Johannesburg, South Africa — After years of informal conversations and meetings with friends to discuss books, Lorraine Sithole decided to make things official.
In April 2011, while picnicking under a tree at the Zoo Lake playground in Johannesburg, Sithole kicked off The BookWorms book club with two other women.
“On my arrival home, I googled how successful book clubs were run and added a pay-it-forward element,” Sithole said, “I drafted the constitution, which went back and forth amongst the three of us till we were satisfied with its elements, We chose a title, and three weeks later we had our first official book discussion.”
Eight years later, the club is thriving. Once a month, a group of 20 black women meet in a member’s home to discuss primarily books by South African authors.

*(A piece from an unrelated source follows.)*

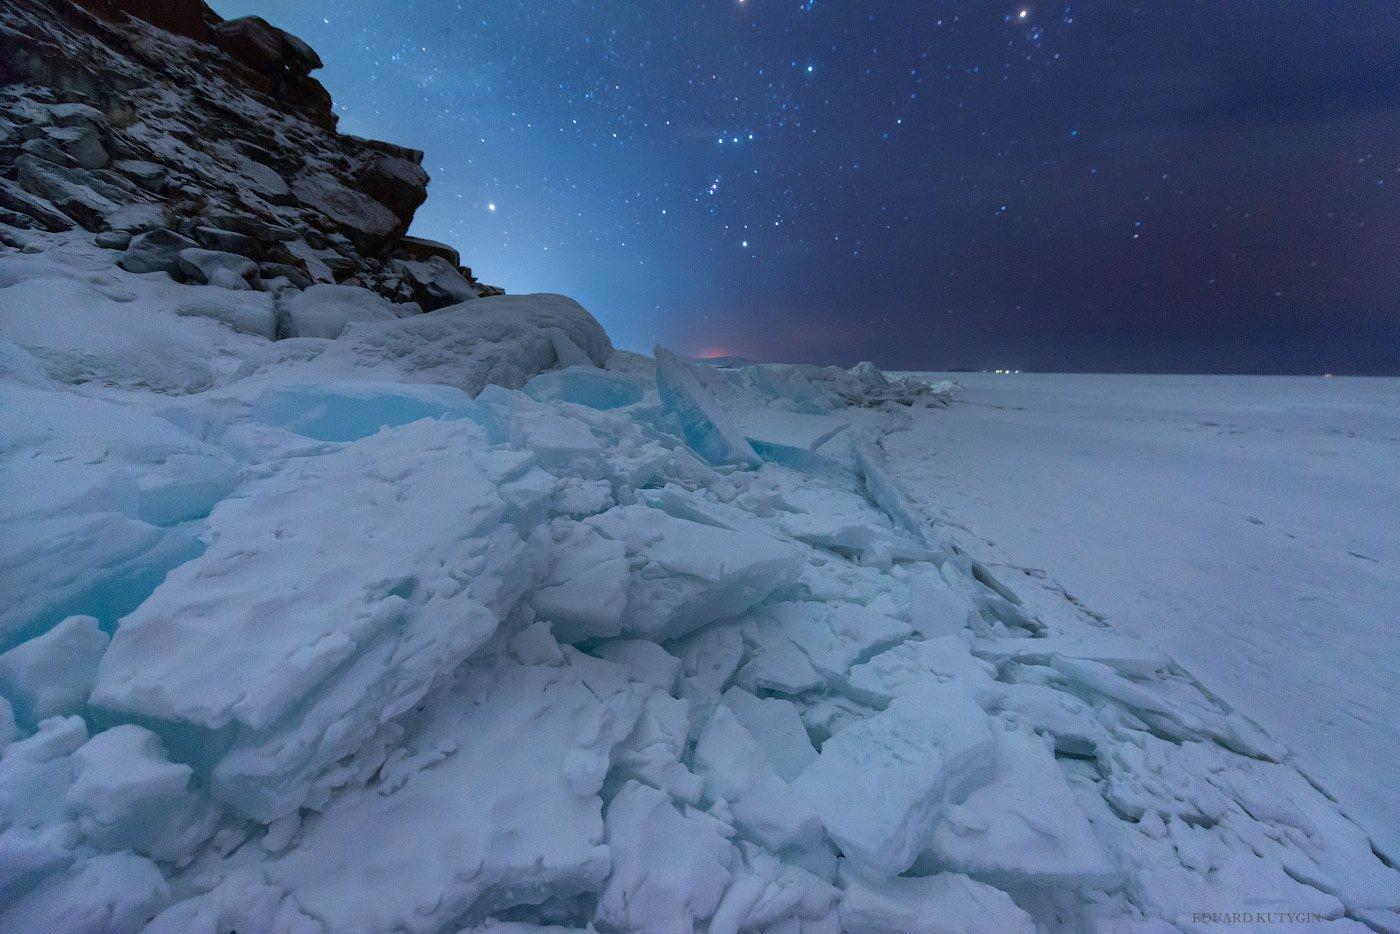 #бурхан #шаманка #байкал #хужир #лёд #лед #трещина #байкальский_хребет #звёзды #ночь, Кутыгин Эдуард
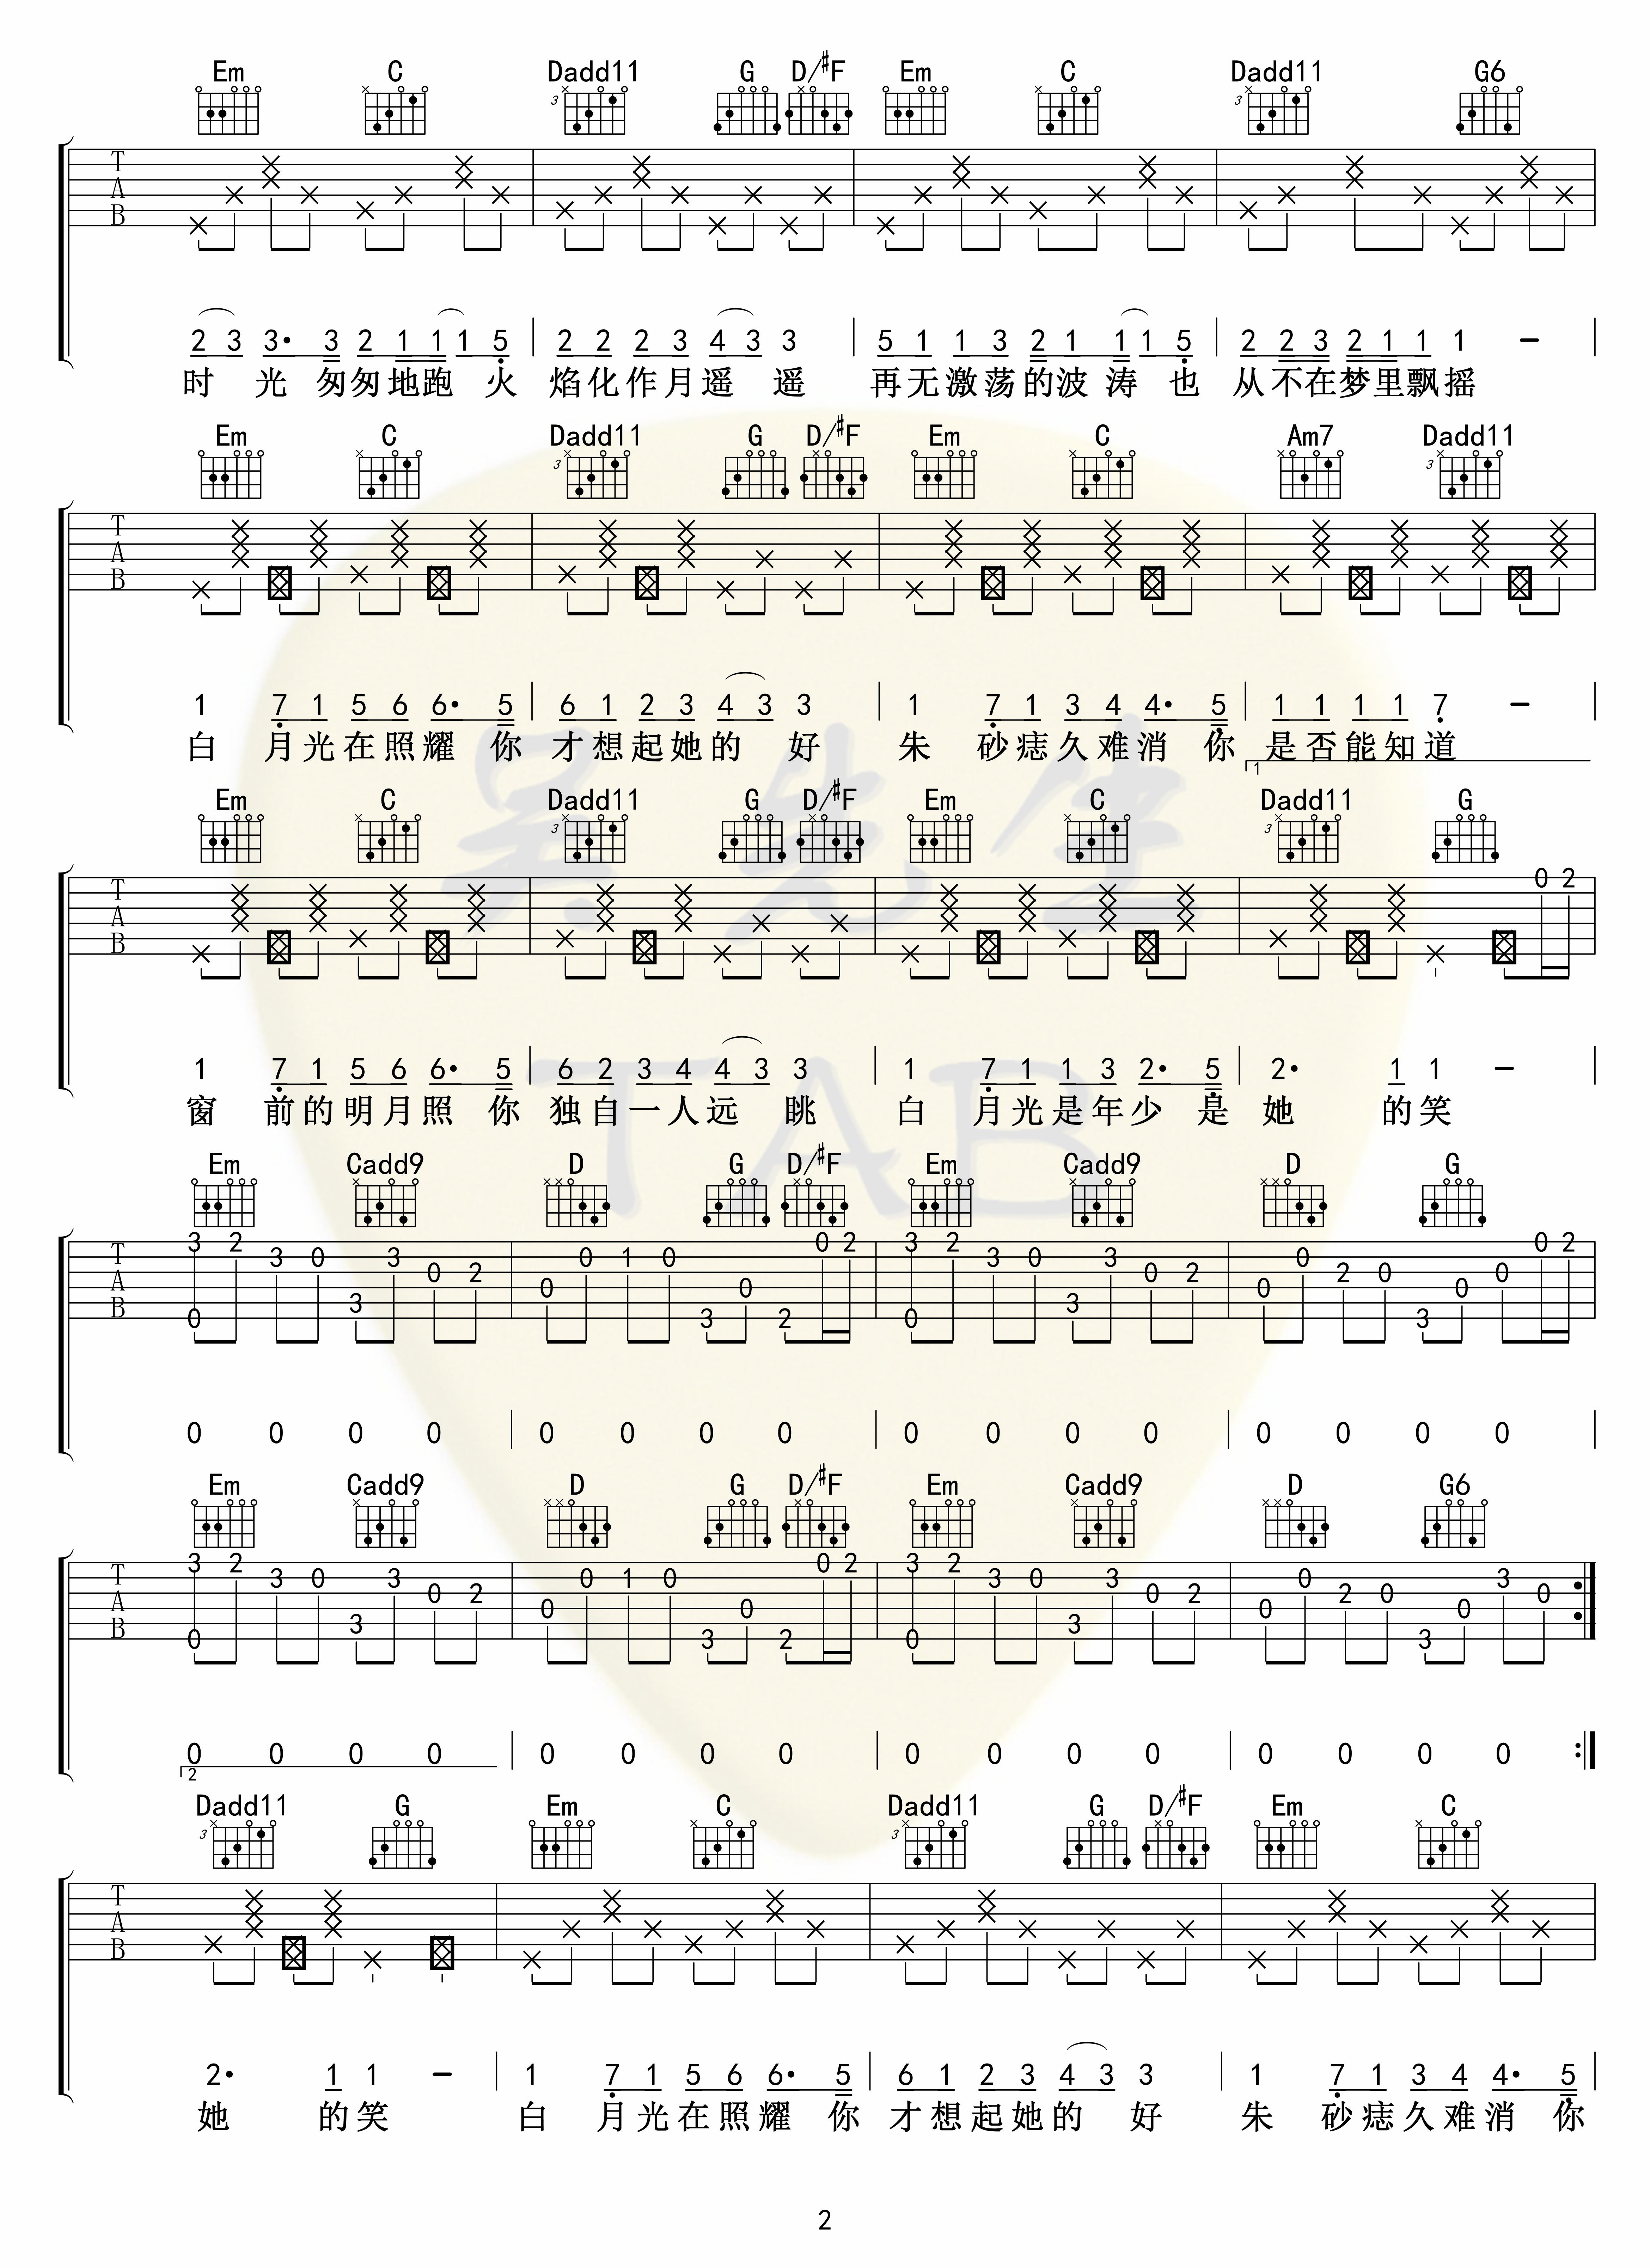 白月光与朱砂痣吉他谱(图片谱,弹唱)_大籽_白月光与朱砂痣02.jpg

Members are required to buy the chosen book each month, read it, make a monthly financial contribution to the club for community-based projects and serve as a host for the club when it’s their turn.
The books the club has read constitute a who’s who in contemporary South African literature, including Zakes Mda, Nthikeng Mohlele, Angela Makholwa, Judy Dlamini, Niq Mhlongo, Dudu Busani-Dube, Mzi Khumalo, Mamphele Ramphele, Siya Khumalo and Sindiwe Magona, among others. This month the group is reading “The Gold Diggers” by Sue Nyathi, a native Zimbabwean who now lives in Johannesburg. The “God Diggers” is about eight Zimbabwean immigrants who embark on a treacherous journey into South Africa.
Over all, the club’s aim is to support a culture of reading for pleasure.
“We are all about getting everybody to read,” agreed Zanele Nodladla, a member of the book club for the past seven years. “If you take the initiative to read, it will instill that culture to the young ones.”
Sthembile Buthelezi, a member of the BookWorms for five years, said she has been a witness to four generations of reading in her home, beginning with her great-grandmother and continuing through to her own daughter.
“[Reading] is actually a ripple effect,” Buthelezi said. “If one person does it, a lot of other people actually start doing it as well.”
Sithole said the focus on black women in the club is deliberate.
“It is specifically for black women of a certain age, or a certain means,” Sithole said, “black women because we have the same issues, and I find that whenever we are in the company of, especially white women, we tend to censor ourselves. But if it is a group of 16 black women, we’ve all grown up in the townships. It is easier for us to talk about issues that bother us.”
The club also supports community-based organizations, with the help of monthly donations from members. Last year, BookWorms members collected and donated over 100 books to the Ekujabuleni KwaBadala Recreation Center for senior citizens in Orlando East, in Soweto, in addition to a monetary donation of 53,000 Rands ($3,543). This year, they are working to raise money for New BeginningZ, an organization that takes in and supports abandoned children.
South Africa struggles with low literacy rates in many townships and rural areas. According to the University of Pretoria’s Progress in International Reading Literacy Study, in 2016, eight out of 10 fourth graders could not read at an appropriate level.
Sithole said when she came across this statistic, she should have been shocked, but wasn’t.
“Although our kids speak a lot of English, they don’t know how to write it,” said Sithole, who grew up speaking Sepedi, one of the 11 official languages of South Africa. “They don’t know how to read it.
While The BookWorms Club reads books in English because that is a language all members share, Sithole said she is happy that an increasing number of books are being published in or translated into African languages. She said she believes this has led to an increase in the actively reading population.
“As hard as it is, what has been happening now is that we are taking back the languages because language is more than talking,” Sithole said. “It is also spiritual. It is about the ancestors. It is cultural. So now there is a huge movement in the reclamation of our languages.”
In the past three years, 20-30 new book clubs have emerged around Joburg, Sithole said. For Buthelezi, the number of black people who are connected to these clubs and the growth of reading is encouraging.
“A lot of black people are reading now and also having a voice,” Buthelezi said. “People have grown, and reading is not just a culture but a lifestyle.”